# Jobs - Unemployment Creeps Up to 8.3%



## PrepperRecon.com (Aug 1, 2012)

Today's jobs report from the BLS or the LBS as I like to call it (Lots of Bull Stuff) showed we added .1% to unemployment from June. 8.3% is a steady move up from 8.1% in April. When you look around, you may think it seems much worse than 8.3%. You are right, 8.3% is the U3 number which does not include people who have quite looking for jobs or those who are working part time because they can't find full time jobs. That jobs number is called U6 and is now at 15% which is up from 14.5% or a full half of a percent since April. using the U3 jobs numbers instead of the U6 jobs numbers is lying at worse and sugar coating at beast. The purpose is to make you feel better so you will keep consuming. If the BLS reports the real numbers, you will think there is an economic crisis coming and quite spending. As our economy is 70% consumer spending, everything falls apart when people get scared and quite spending. In fact the only thing holding our financial house of cards together is consumer confidence. When that goes, everything goes.

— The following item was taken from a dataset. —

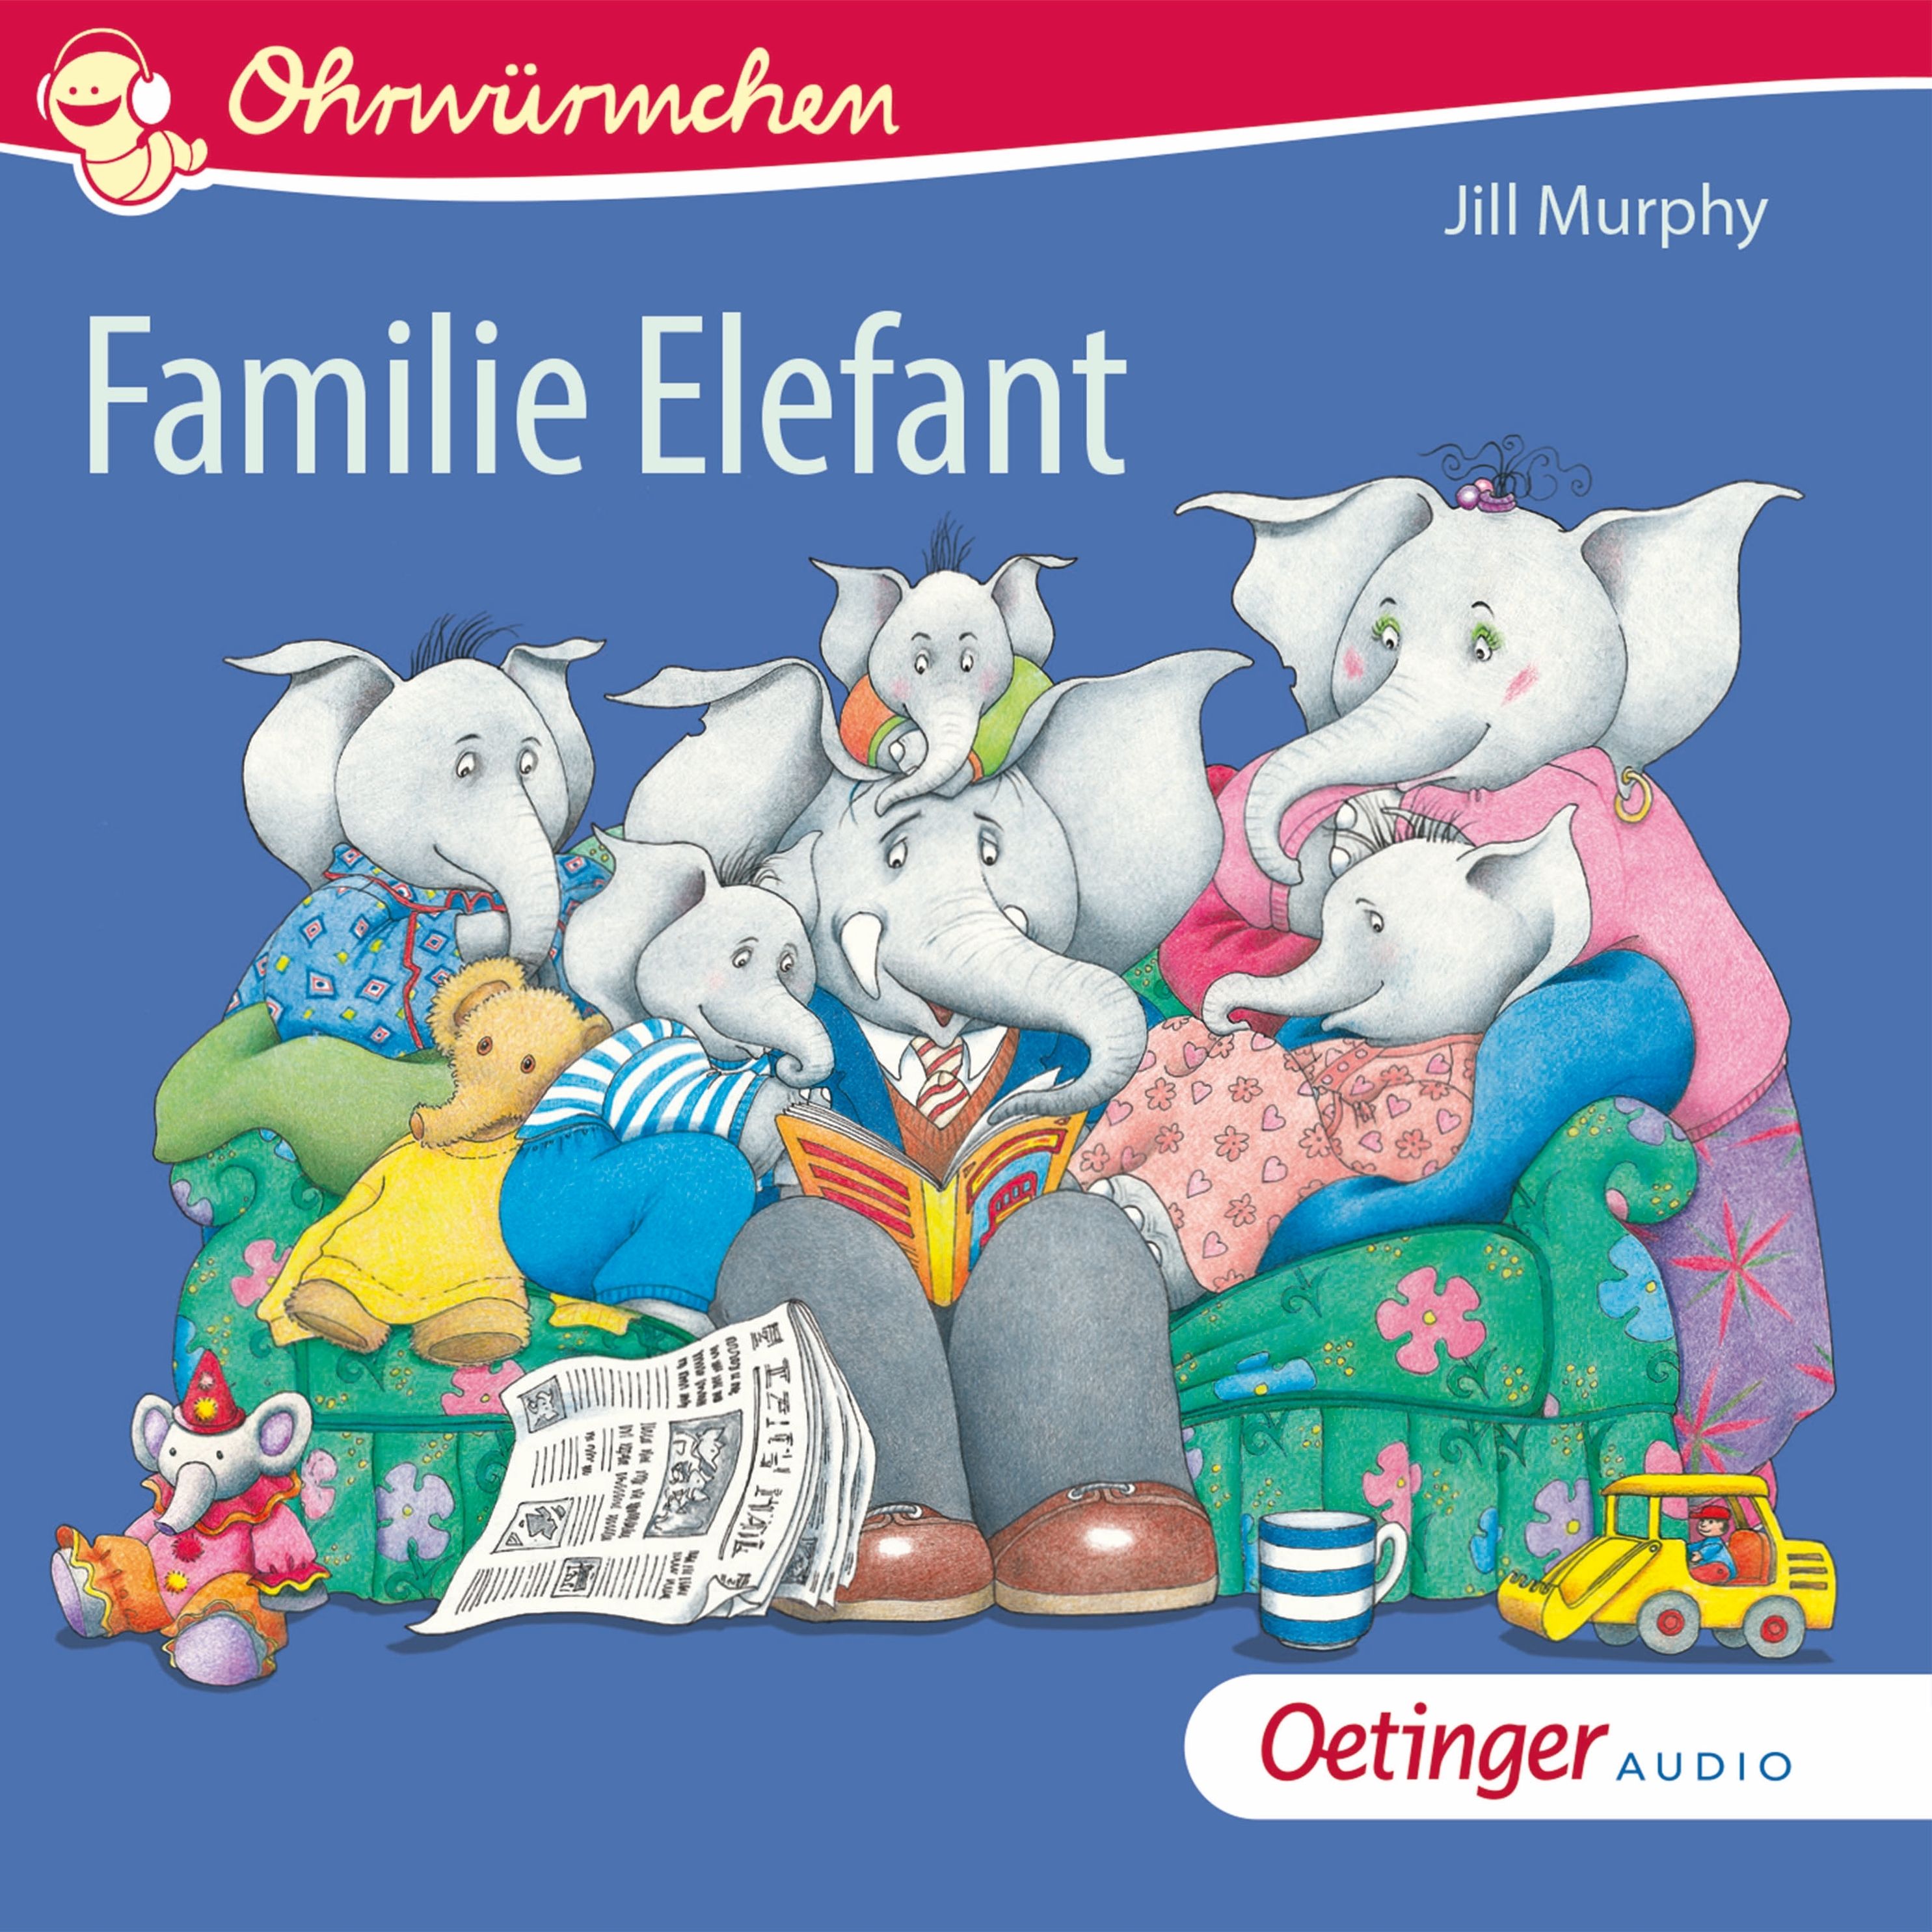 Ohrwürmchen - Familie Elefant Hörbuch downloaden bei Weltbild.de

So what is the answer? Should they report the real numbers and cause a panic? If they did, the crash would come sooner. The sooner it comes, the sooner we can start to rebuild. The longer we wait, the larger the debt grows, the less our money is worth and the more severe the crash will be. For the people who can see it coming, the delay buys us precious time to build up our defenses in the way of cash, in case of a depression, precious metals, in case of hyperinflation, and food stock piles in case of what ever. Do what you can, when you can to be prepared.:suppliesonforklift:

Here is the link to the BLS unemployment page.


----------



## Cygnus (May 27, 2012)

What are going to rebuild with is my greater concern. Do we actually bring back MFG to the USA? I mean we have outsourced so much production that we are causing our own demise.


----------



## PrepperRecon.com (Aug 1, 2012)

That's true, we no longer have the necessary infrastructure for MFG. It followed the jobs. The high school drop out rate is near 25% so I doubt we will be innovative leaders. Jim Rogers says farmers will be the ones driving Ferraris in 20 years. Maybe we can still be agricultural producers.


----------